→ **Problem requirements**
Below is a listing with pictures. Repeat exactly the lines starting at the one holding "Rea Loschinger Kinderfotografie Berlin v" and going on through the one holding "Gentoo penguins on", and leave every picture out.

→ **Data to process**
- - - -

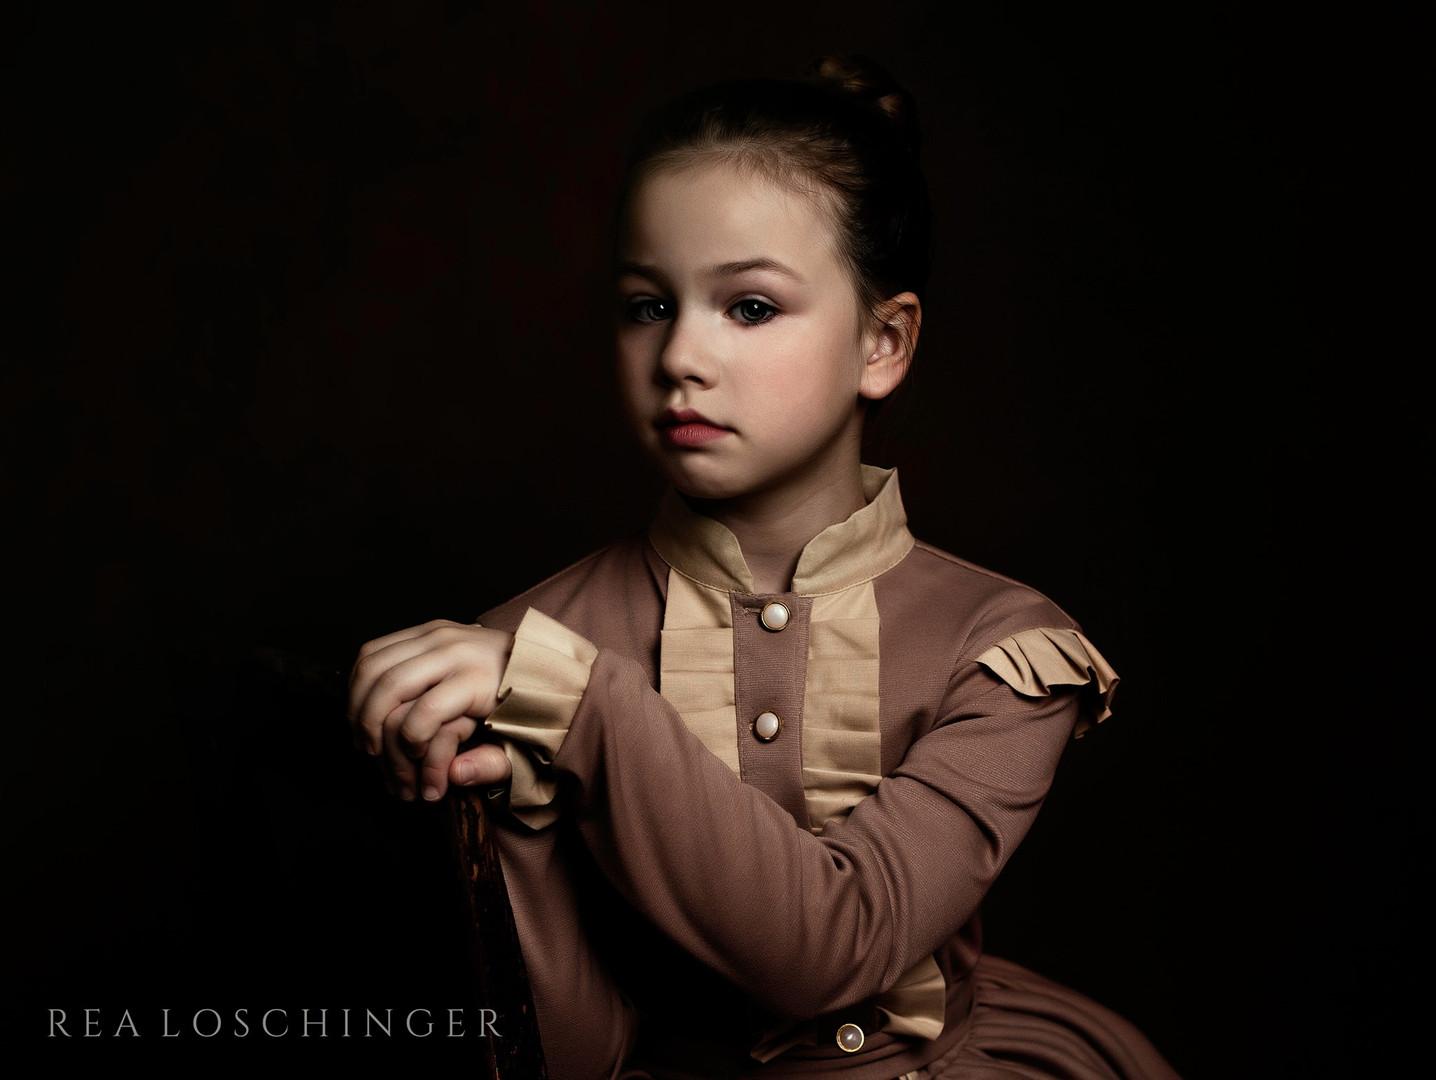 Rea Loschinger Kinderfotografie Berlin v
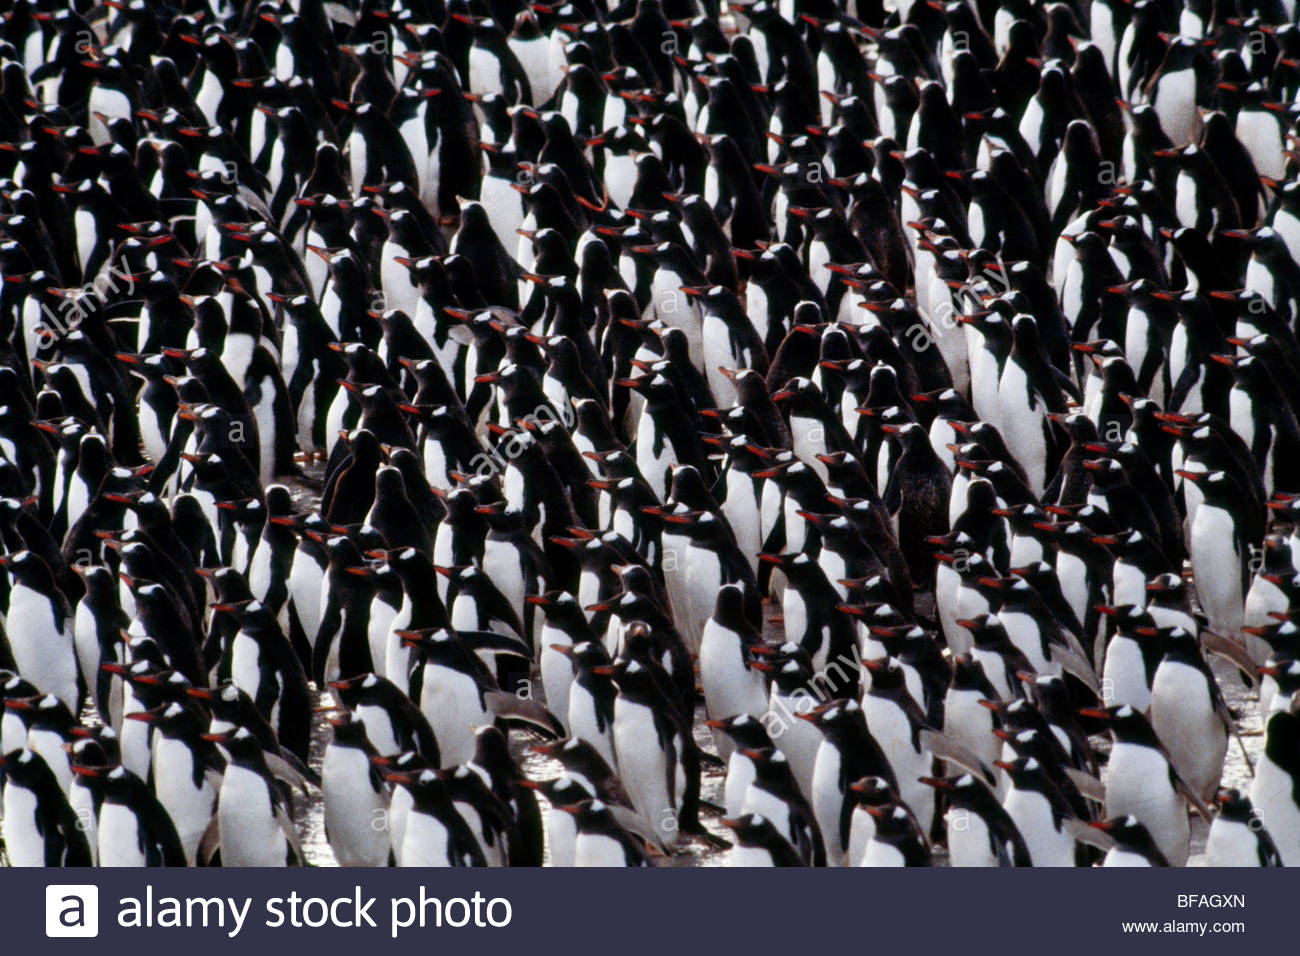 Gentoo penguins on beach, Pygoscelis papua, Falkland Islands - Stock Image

- - - -

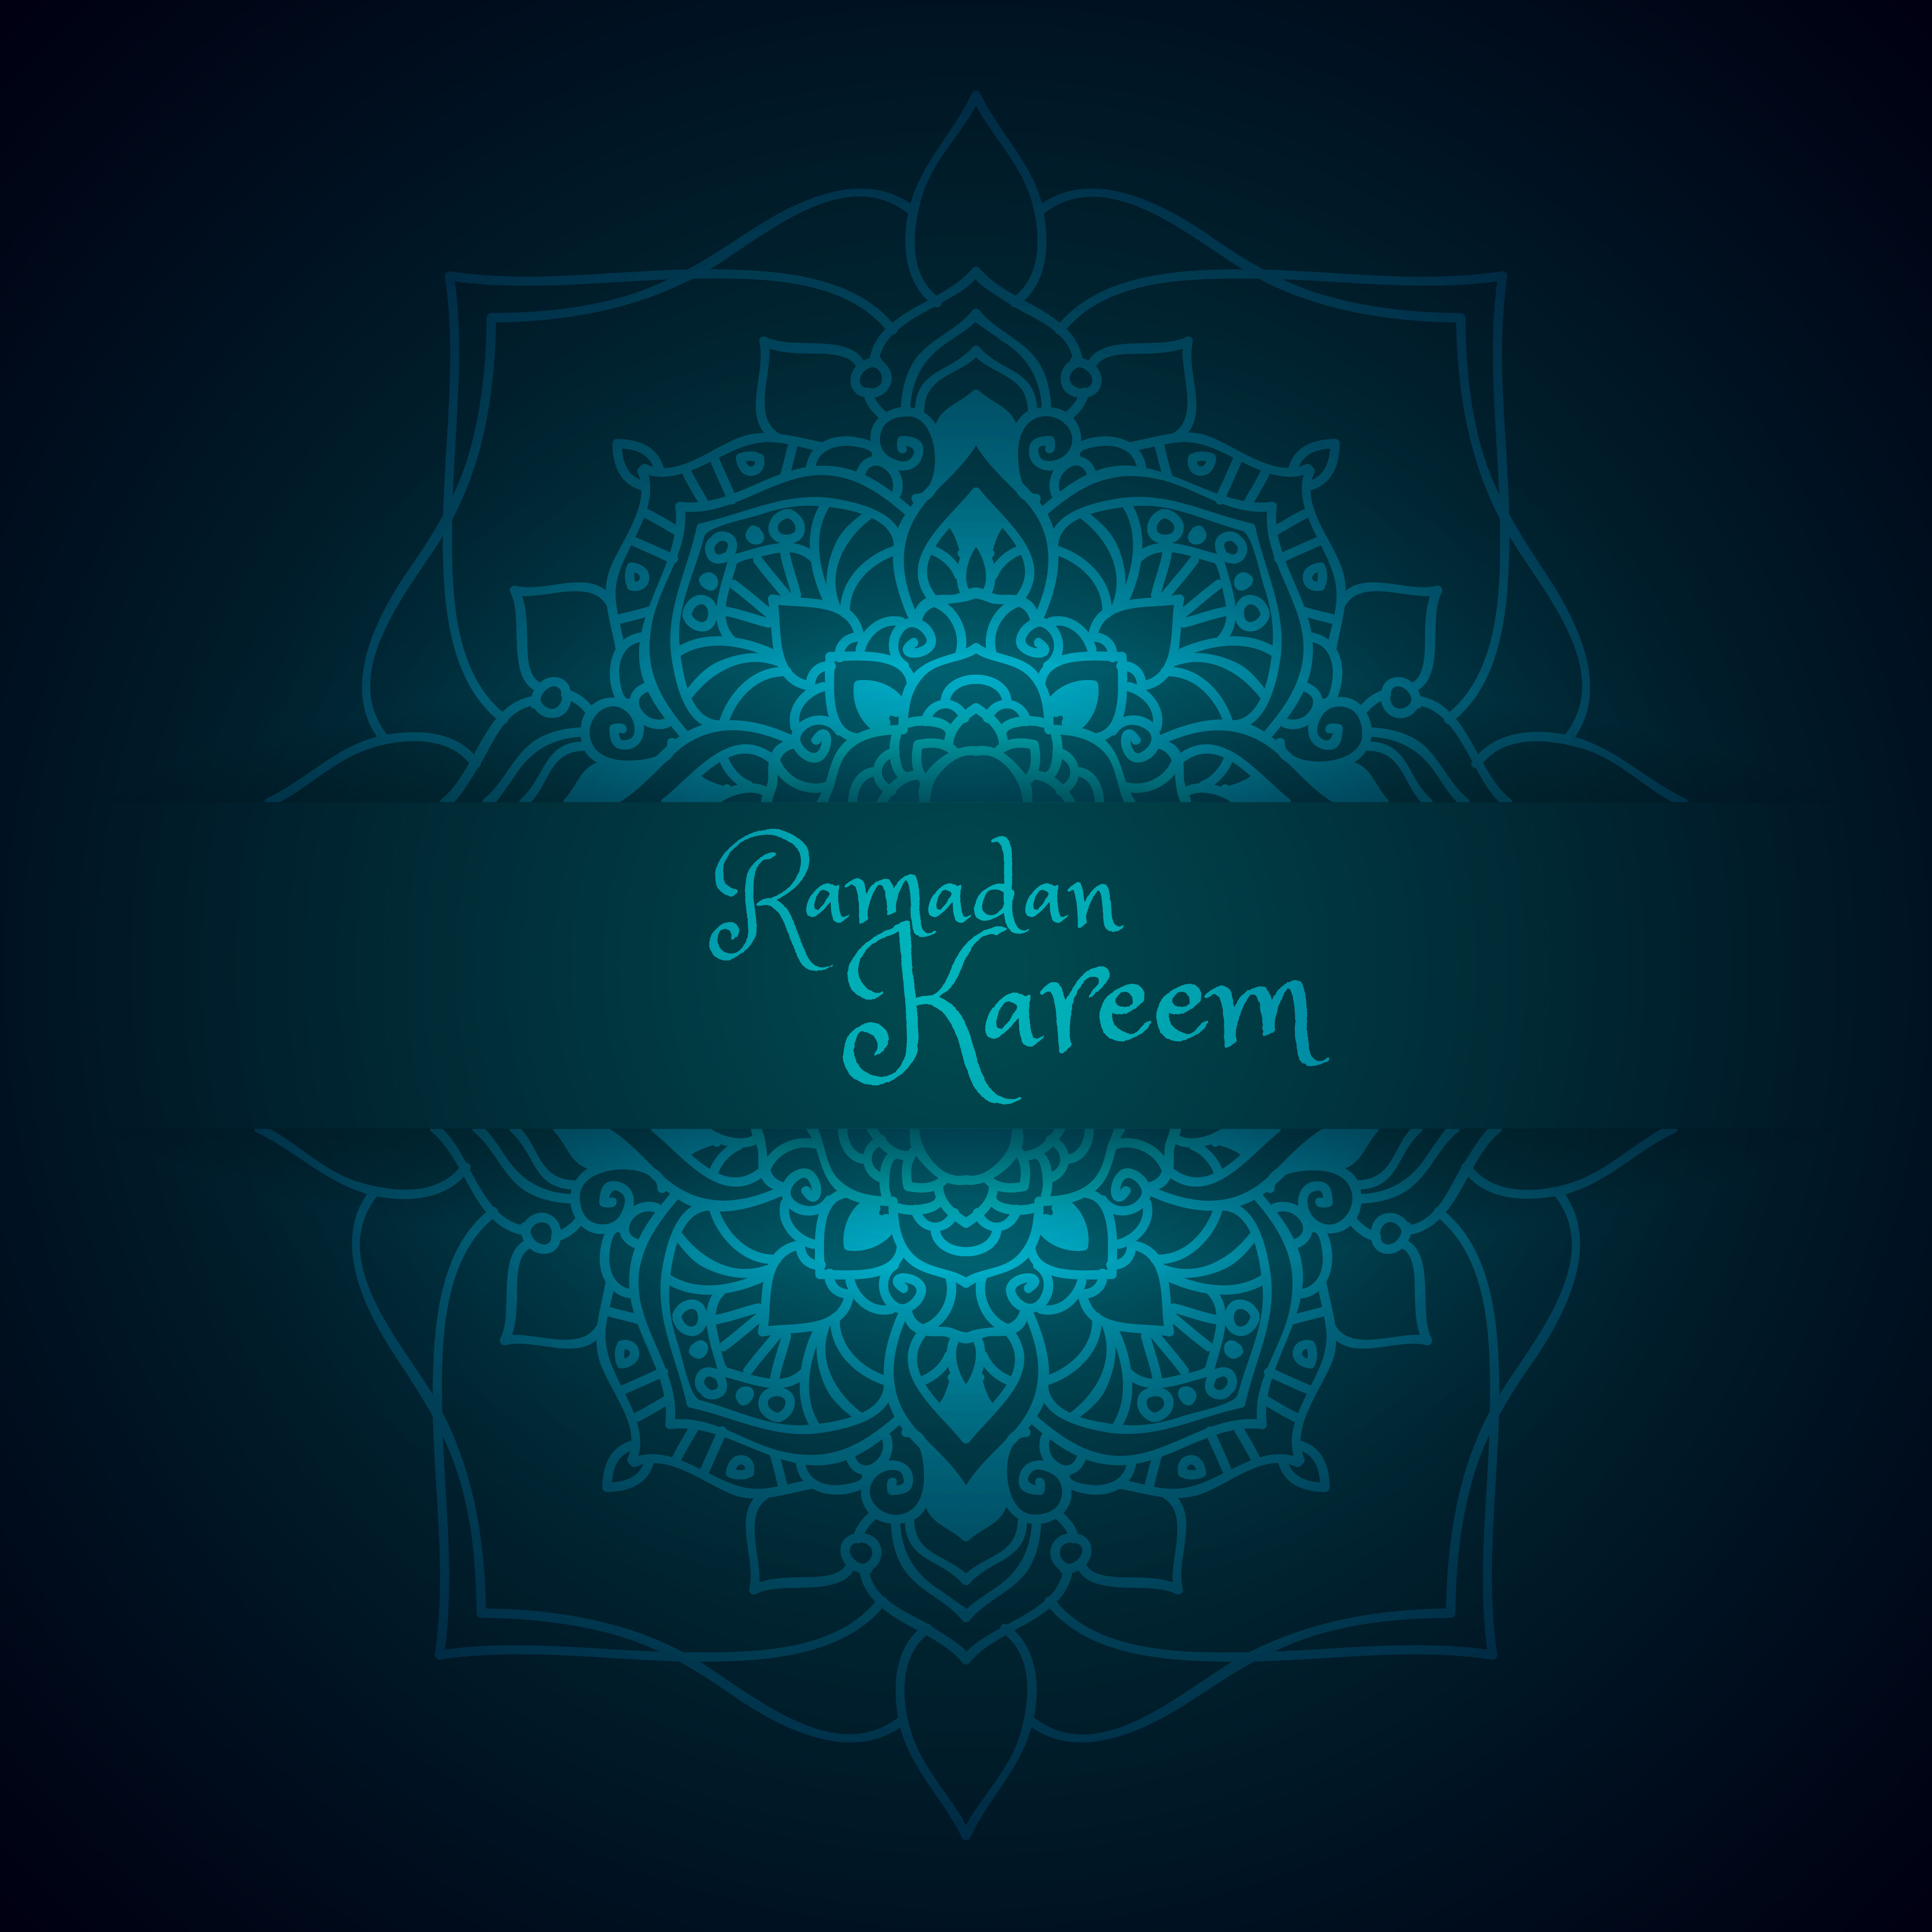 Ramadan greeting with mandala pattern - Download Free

- - - -

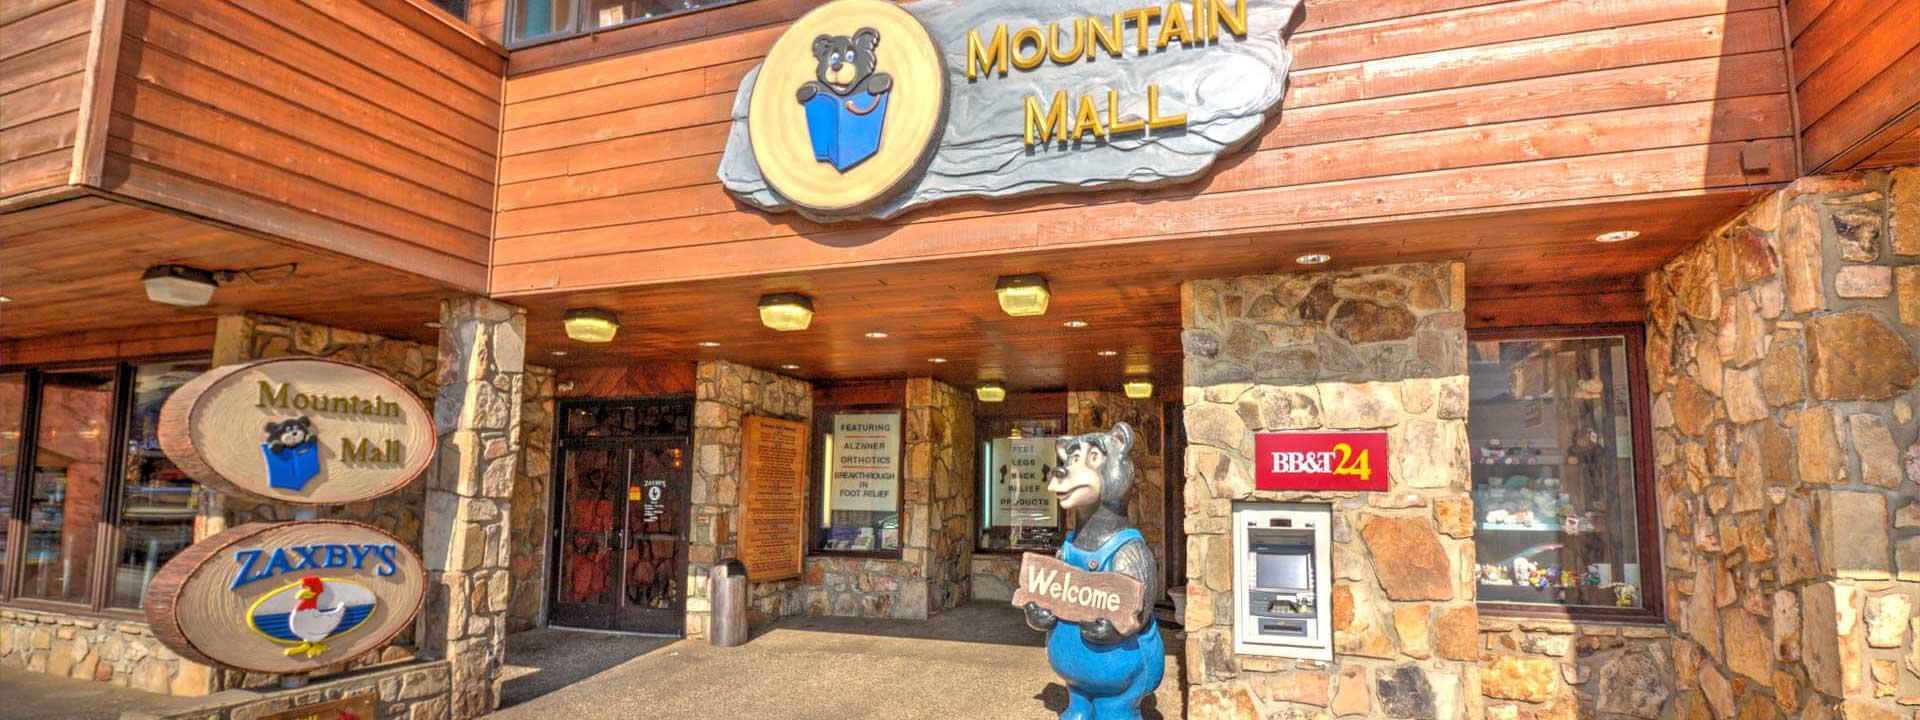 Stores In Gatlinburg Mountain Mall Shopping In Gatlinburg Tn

- - - -

→ **Result for this task**
 Rea Loschinger Kinderfotografie Berlin v
 Gentoo penguins on beach, Pygoscelis papua, Falkland Islands - Stock Image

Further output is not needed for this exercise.